Court Opinion

ID: 9875495
Source: CourtListenerOpinion
Date Created: 2023-09-26 22:35:37.876495+00
Date Added: 2024-06-11T07:47:02.005171
License: Public Domain

Judgment, Supreme Court, Bronx County (Eugene Oliver, Jr., J.), rendered February 6, 2015, convicting defendant, after a jury trial, of criminal possession of a controlled substance in the fifth degree, and sentencing him, as a second felony drug offender, to a term of 3 years, reversed, on the law, and the matter remanded for a new trial.
*529Supreme Court improperly limited both defense counsel’s discovery of Rosario material and his ability to cross-examine the police witnesses at trial. The Rosario material in question consisted of police documentation of the arrest of a third party. Supreme Court denied defendant’s discovery request, rejecting his trial counsel’s argument that defendant and the third party, both Hispanic males, had been contemporaneously arrested and separately charged with selling drugs to the same undercover officer at approximately the same time and location. In the absence of Supreme Court’s discovery limitations, defense counsel might have reasonably established a motive to fabricate the evidence due to police confusion between defendant and the third party (see People v Hudy, 73 NY2d 40, 56 [1988] [“extrinsic proof tending to establish a reason to fabricate is never collateral and may not be excluded on that ground”], overruled in part on unrelated grounds by Carmell v Texas, 529 US 513 [2000]). Furthermore, as we have stated, where there is evidence raising the possibility of a “police motive to fabricate,” cross-examination of police witnesses is “highly relevant” (People v Rios, 223 AD2d 390, 392 [1st Dept 1996], appeal withdrawn 87 NY2d 1024 [1996]). Thus, Supreme Court’s errors deprived defendant of his right to present a defense (see Hudy, 73 NY2d at 56; Rios, 223 AD2d at 392). As there was “a reasonable possibility that the non-disclosure materially contributed to the result of the trial” (CPL 240.75), Supreme Court’s errors were not “harmless beyond a reasonable doubt” (People v Crimmins, 36 NY2d 230, 237 [1975]).

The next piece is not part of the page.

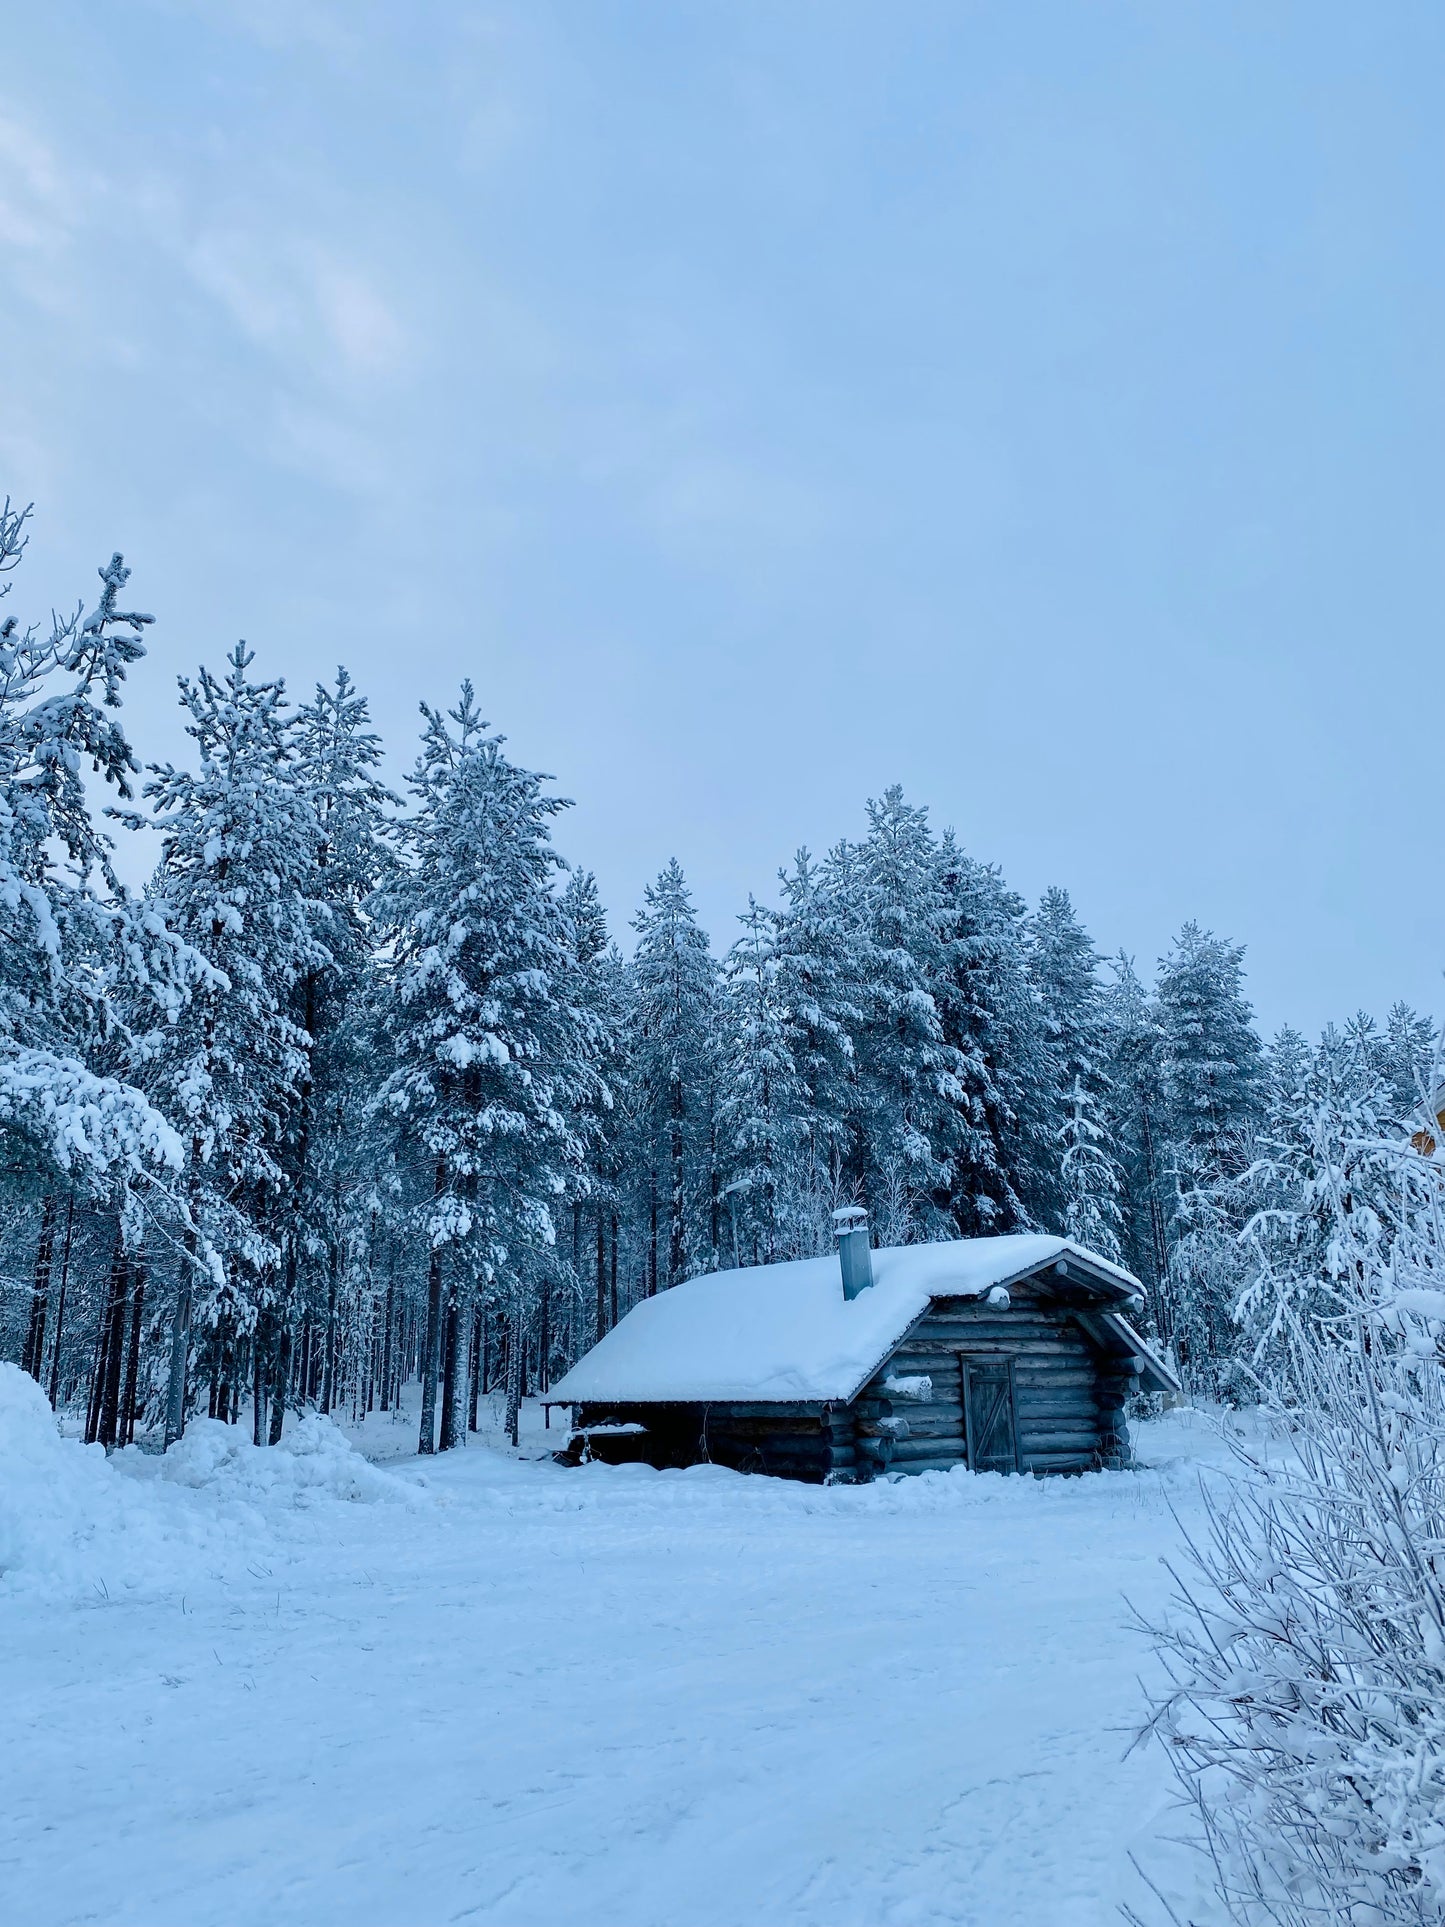 FINLAND/ 7 DAYS IN ROVANIEMI- THE COMPLETE GUIDE WITH ACTIVITIES!

Were we not reversing on the basis of error regarding the Rosario material and the related cross-examination, we would reverse on another ground—namely, Supreme Court’s communication with the jury off the record and outside the presence of defendant and his counsel. After the jurors had been deliberating for four days, they sent a note to the court stating they were deadlocked on the third count of the indictment and asking for guidance. The court discharged the jury for the day in contemplation of taking further actions, possibly including the delivery of an Allen charge, in the morning. The next morning, in defendant’s and his counsel’s absence, the court instructed the jury, off the record, to resume deliberations. The same afternoon, the court informed defendant and his counsel of this instruction, and counsel did not object.
“[T]he presence of the defendant and his counsel is constitutionally required whenever supplemental instructions are given, and failure to notify them is a fundamental error” (People v Ciaccio, 47 NY2d 431, 436-437 [1979]). Moreover, “CPL *530310.30 makes a defendant’s right to be present during instructions to the jury absolute and unequivocal” (People v Mehmedi, 69 NY2d 759, 760 [1987]). Here, the absence of defendant and his counsel during the court’s undisputedly substantive instruction to resume deliberating notwithstanding the reported deadlock was a mode of proceedings error, requiring reversal despite the lack of any objection (id. at 760; see also People v Bonilla, 186 AD2d 748, 748 [2d Dept 1992]). Additionally, harmless error analysis is inapplicable (see Mehmedi, 69 NY2d at 760).
Concur—Sweeny, J.P., Moskowitz and Gesmer, JJ.